Goals i) I am curious to learn more about projects where 1 or each of the three goals listed above have changed and how they track it, present it to the reviewing members, so I'd appreciate if you could point me to an example or two.

Krishna> the annual review board is present at https://github.com/orgs/cncf/projects/27/views/4 , having said that, many of these projects are in their first year. Some interesting examples of long running projects (from memory :-) you can look at are Confidential containers, Chaos mesh and Keylime.

Hope this helps and if you do have a workbench you can point me to do analysis on devstats data, would be happy to jump in. :-)

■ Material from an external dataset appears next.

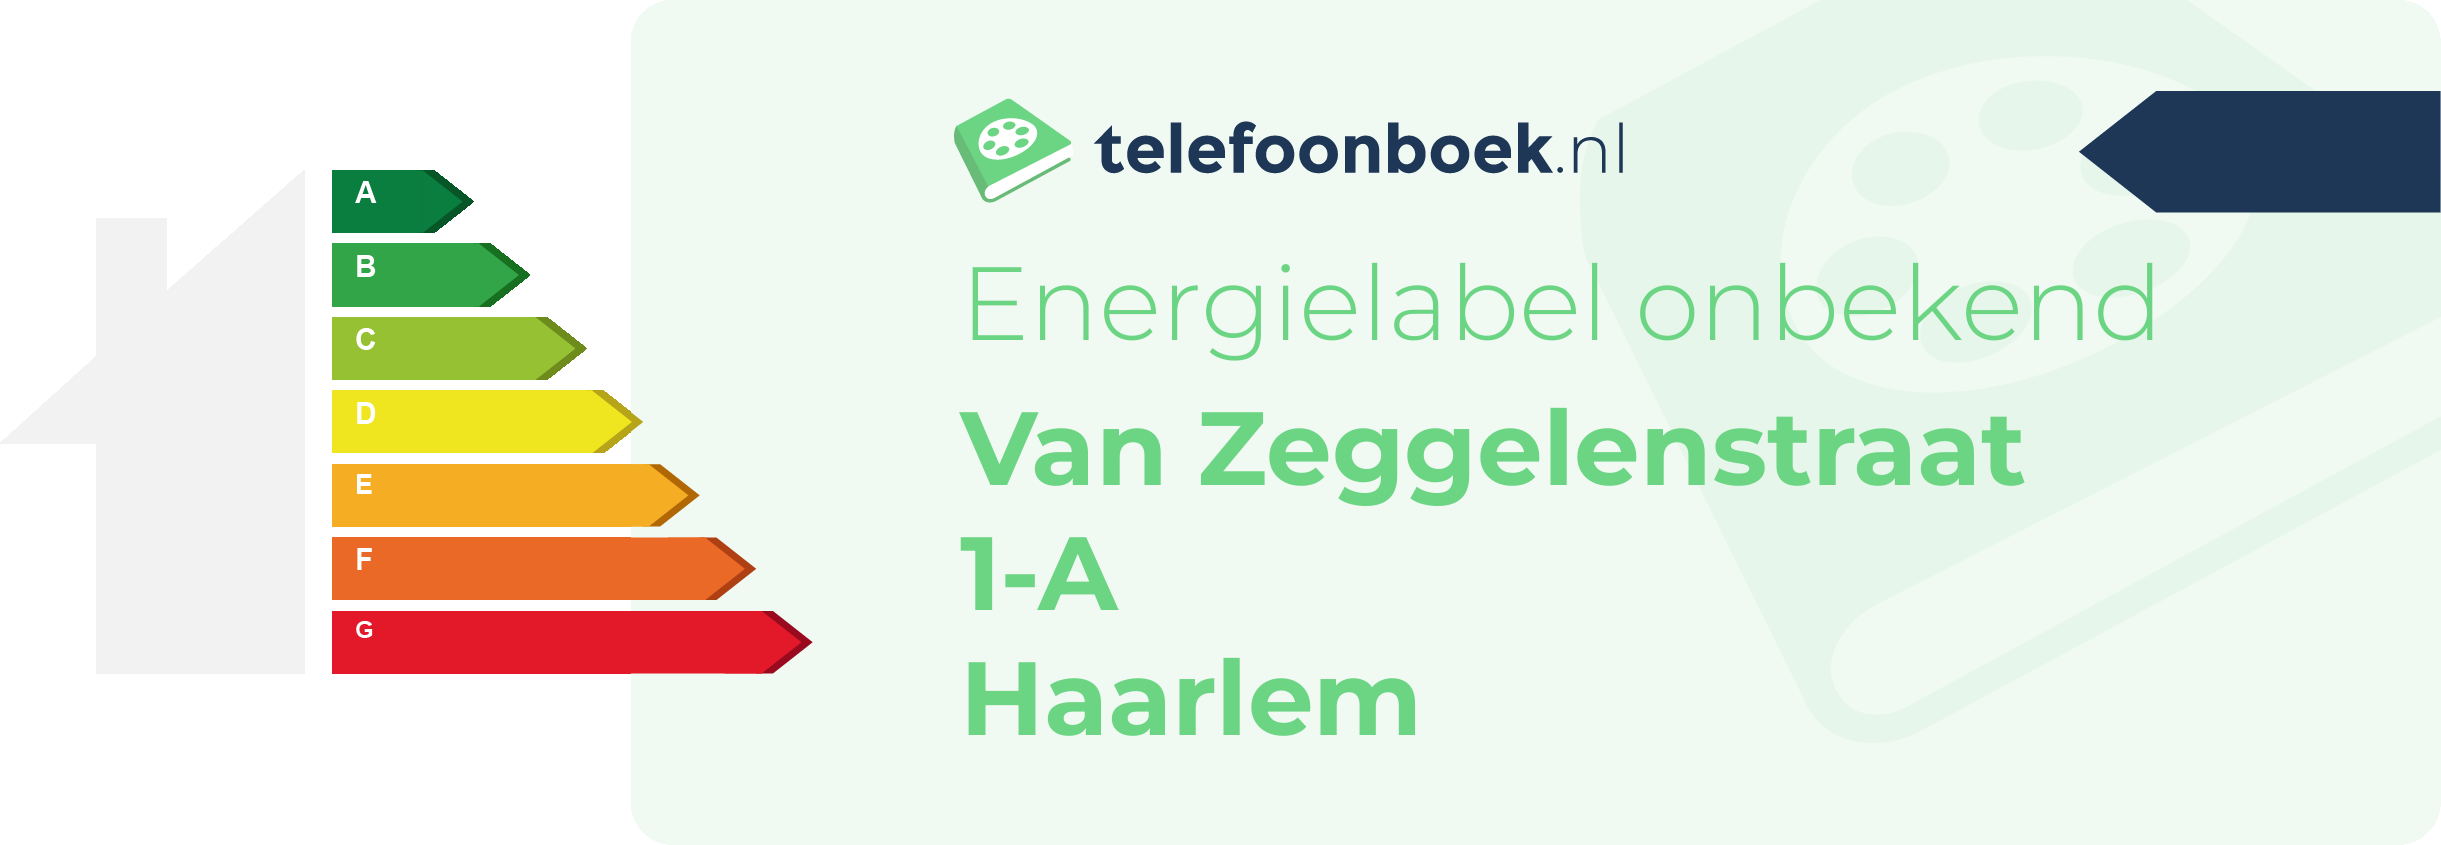 Energielabel Van Zeggelenstraat 1-A Haarlem

lukaszgryglicki commented 11 months ago

Just one note:

feelinspired commented 11 months ago

Many thanks @krishnakv ! Really appreciate your detailed response

jberkus commented 11 months ago

I'm going to propose that:

... be replaced with:

Stars are pretty meaningless, and are generally exclusively the result of project leads having a campaign to collect stars, rather than an indication of any kind of real user activity. Asking for star counts just wastes everyone's time.

dmueller2001 commented 11 months ago

I'd like to propose that we add a Maintainer Health Check to ensure that there are actively engaged maintainers on the sandbox projects. We could easily automated checking that maintainers listed in maintainers.md have had some activity (commit, pr, merge, comment, issue) within the past year on that project.

craigbox commented 11 months ago

I recommend active checking of vendor neutrality; i.e. "Is the project demonstrably separate from its contributing vendor?" and "Has the contributing vendor demonstrably separated itself from the project?"

(These things came up the levels working group, and I was referred back here, so I'm sorry for derailing; these are in no way automatable)

TheFoxAtWork commented 5 months ago

Apologies for the delayed response, tagging @makkes who commented on #1181 calling out the lack of update from us.

The TOC reached out LFX Insights who is working on setting up a project health review board that reflects the content identified here on this issue as well as incorporates feedback from the TOC.

Current estimates for kicking off development is April 2024.

TheFoxAtWork commented 4 months ago

Requesting an update here

prithvi1307 commented 4 months ago
  1. Contributions to the project (Last 6 months)
  2. Active contributors to the project (Last 6 months)
  3. Each project should be integrated with the free version of Scarf (supported by Linux Foundation) for usage metrics

This can be updated to the TAG associated with the project on a monthly basis or CNCF can create a monthly survey link on Asana/SurveyMonkey which should be shared with maintainers of the project on the mailing list and then the maintainers are responsible for sharing these stats.

The above can be verified on a bi-monthly basis by a respective CNCF Staff.
Perhaps, this is also calling for a dedicated CNCF staff only for helping evaluate project metrics.

krook commented 2 months ago

Hello all, sorry for the delayed reply.